What should we take from the two recent large verdicts for wrongful sale? It seems courts have no tolerance for an operator’s mistake in selling the belongings of someone who isn’t in default. Plus, they are finding ways to make sure operators are punished handsomely for these errors, including awarding punitive damages well in excess of the value of the property sold.
While there’s no absolute way to guarantee you’re right about every defaulted unit you sell, you should have a solid set of crosschecks that ensures the unit you’re selling belongs to the tenant, and the tenant is actually in default, not a victim of a misapplied payment or other error on your part.
Know Your Statute
Many operators don’t regularly review their state statutes regarding lien sales. You can’t conduct a lien sale safely without frequently reviewing your statute. Almost every default presents some wrinkle that, read in light of the statute, might change your view of the statute or how to handle the default.
Your best option is to have your attorney prepare a checklist and timeline summarizing your statute’s various stipulations to properly comply with the law. These should include your company’s policies such as reaching out to the tenant to settle the debt before a lien sale. Many people think they can simply follow the procedure from one state, but this is incorrect. While many statutes are similar, they’re not identical.
As an example, take the notice that generally must be sent by you to the tenant before exercising your lien-sale rights. Many operators refer to this as the “certified letter.” Most statutes that require some type of certified letter have some similarities, like requiring the letter to include the owner or manager’s contact information, and the date, time and place of sale. However, there are differences in the 49 statutes.
In some states, the letter must be delivered via general mail and Certified Mail. Some statutes require certified or personal delivery, others registered mail. Some require that you mail the notice to any alternate contact in the rental agreement, to all lien holders, or even the Department of Taxation before it is valid.

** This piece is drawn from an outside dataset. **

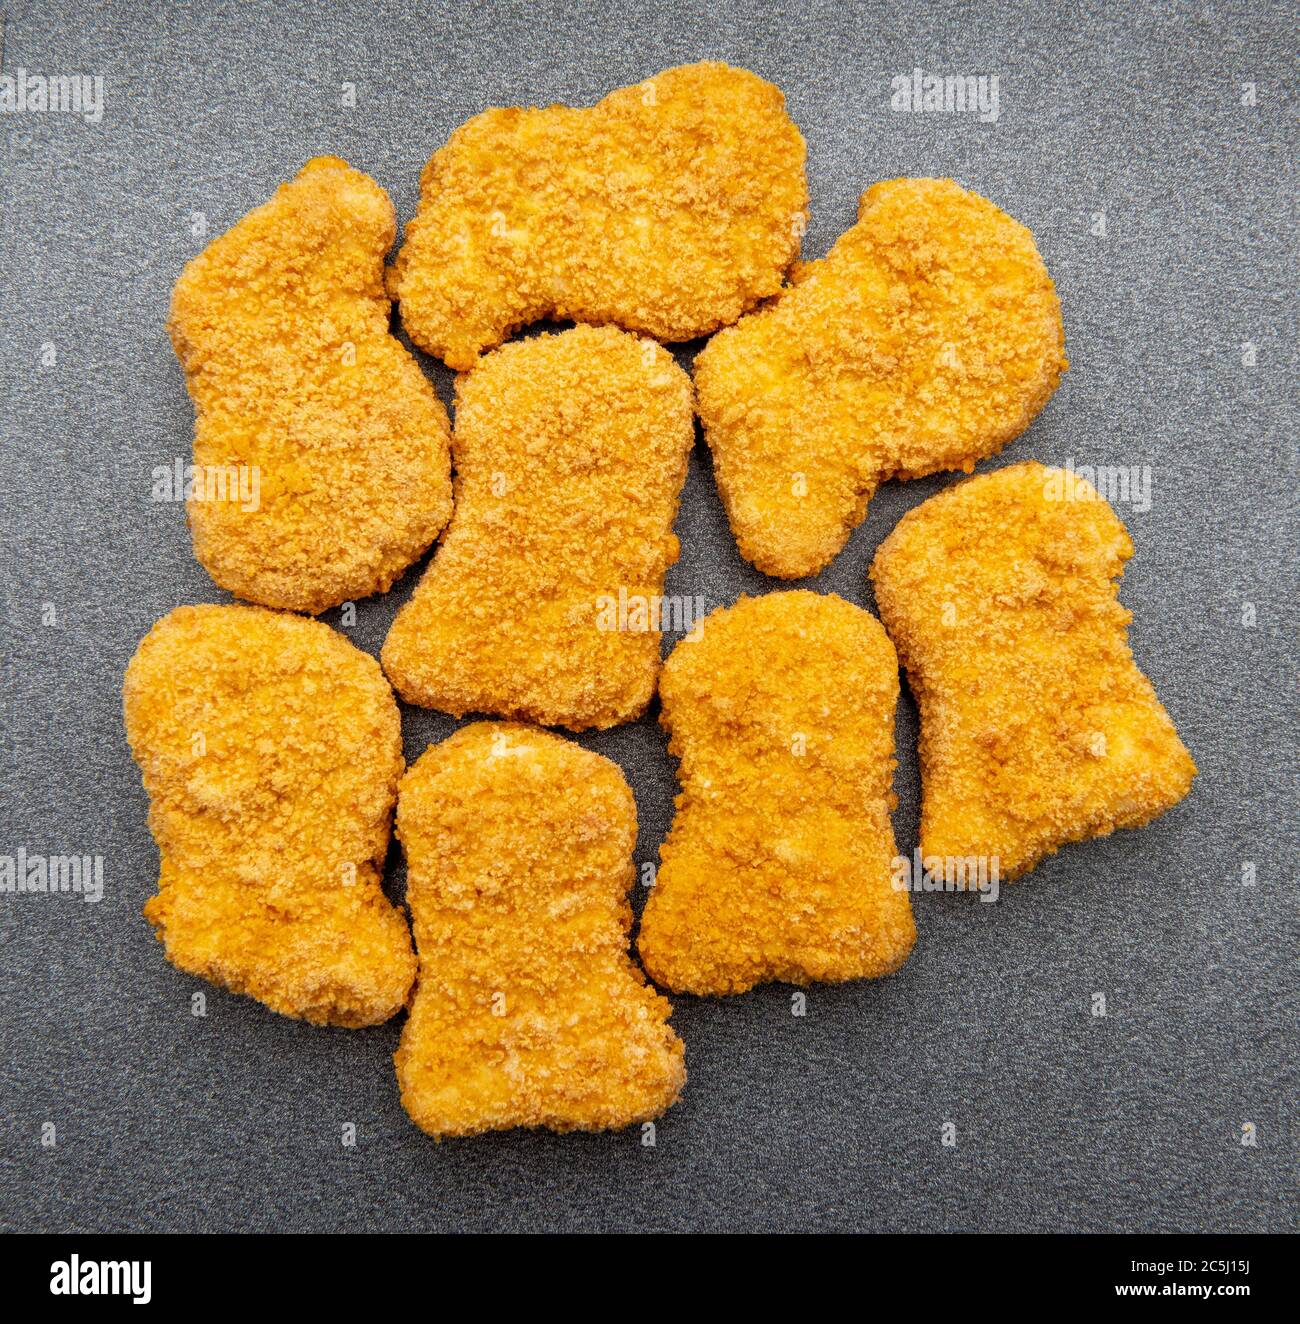 Chicken nuggets on a grey metal background Stock Photo
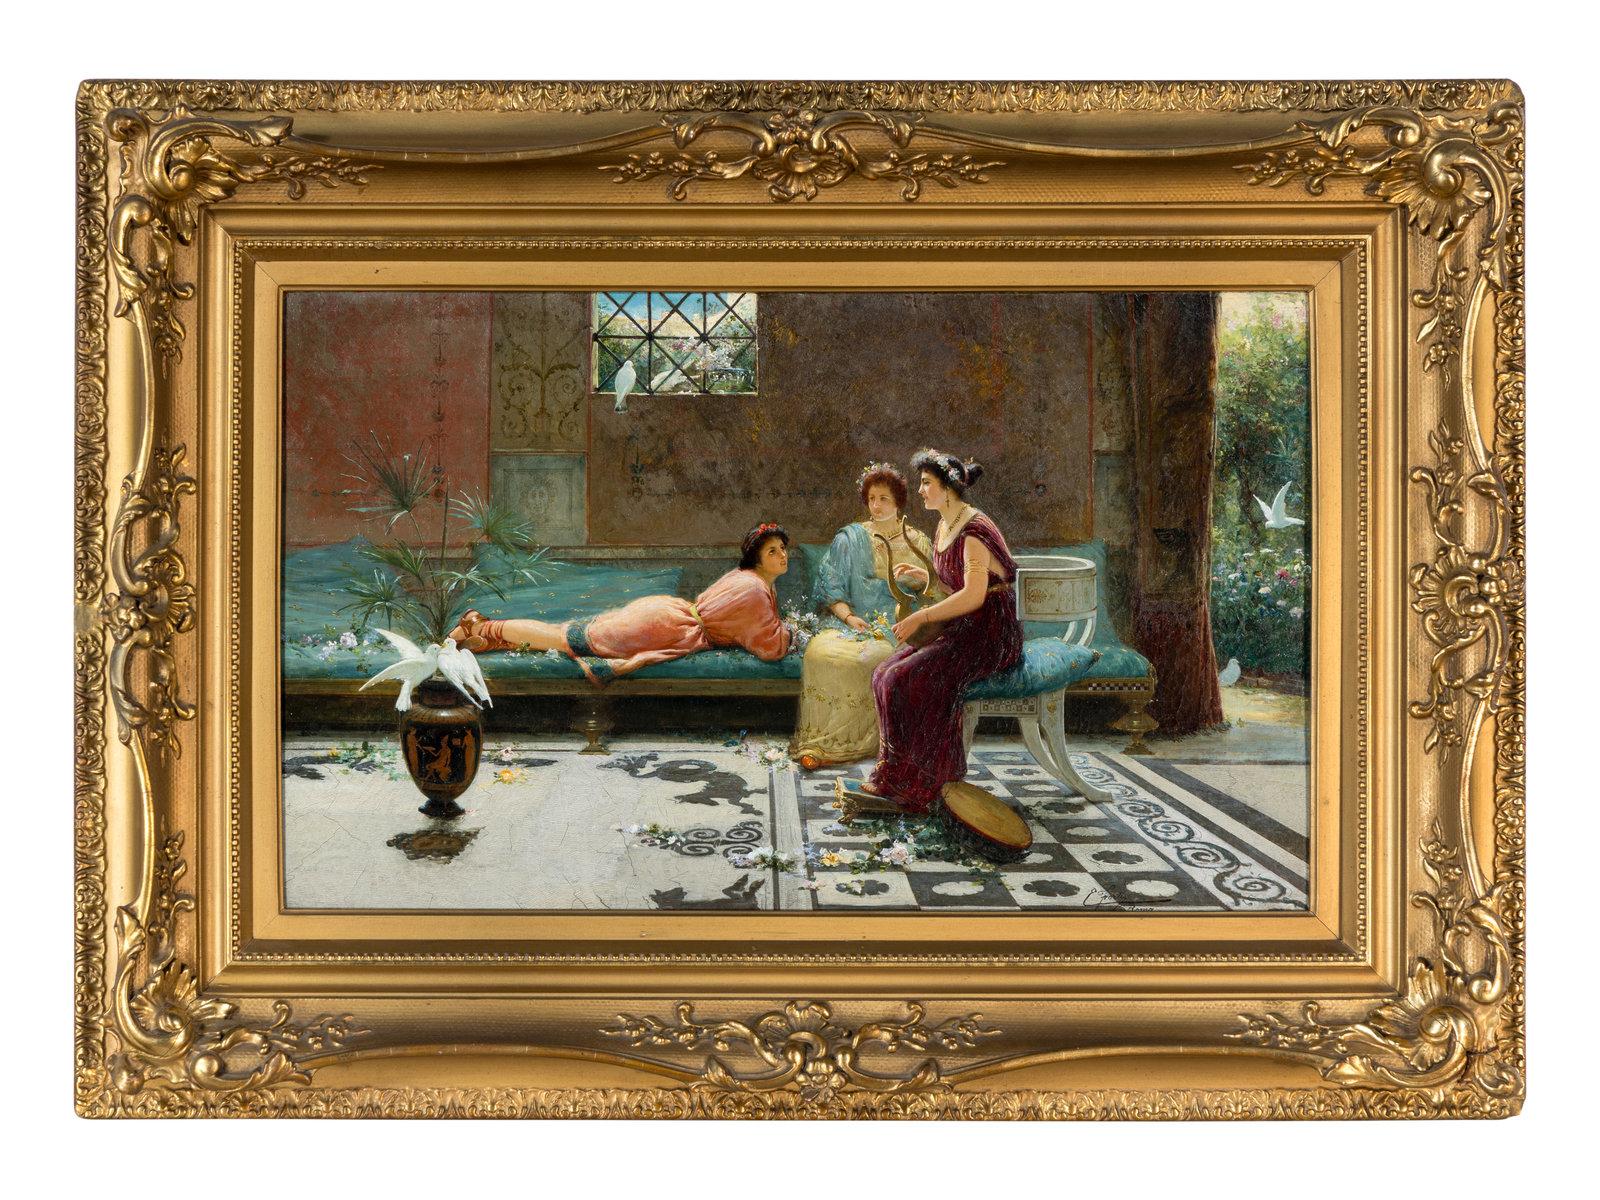 Edoardo Ettore Forti Figurative Painting - "A Pompeiian Love Song" 19th Century Realism Antique Oil on Canvas

Some statutes require that the notice include an itemized statement of all charges due, others do not. Some require you include all charges you expect to incur up to the date of sale, others do not.
The failure to review and understand your statute may cause you to use a notice that’s not appropriate or correct for your state, thereby creating a potential defect. If you’re going to perform lien sales, you have to do them properly to avoid the possibility of someone raising a defense or claim of improper sale that could result in a judgment against you.
You should not conduct any lien sales unless you have self-storage insurance coverage for wrongful sale and disposal. This is specialty insurance not included in your liability policy―it’s a rider you have to purchase.
Given the recent large judgments for wrongful sales, you should buy as much coverage as you can possibly afford. Even if you have not wrongfully sold, most of these policies provide a defense to the claim. Do not think that because you have insurance you can be sloppy about your sales. The insurance company will likely review your lien-sale process before issuing coverage.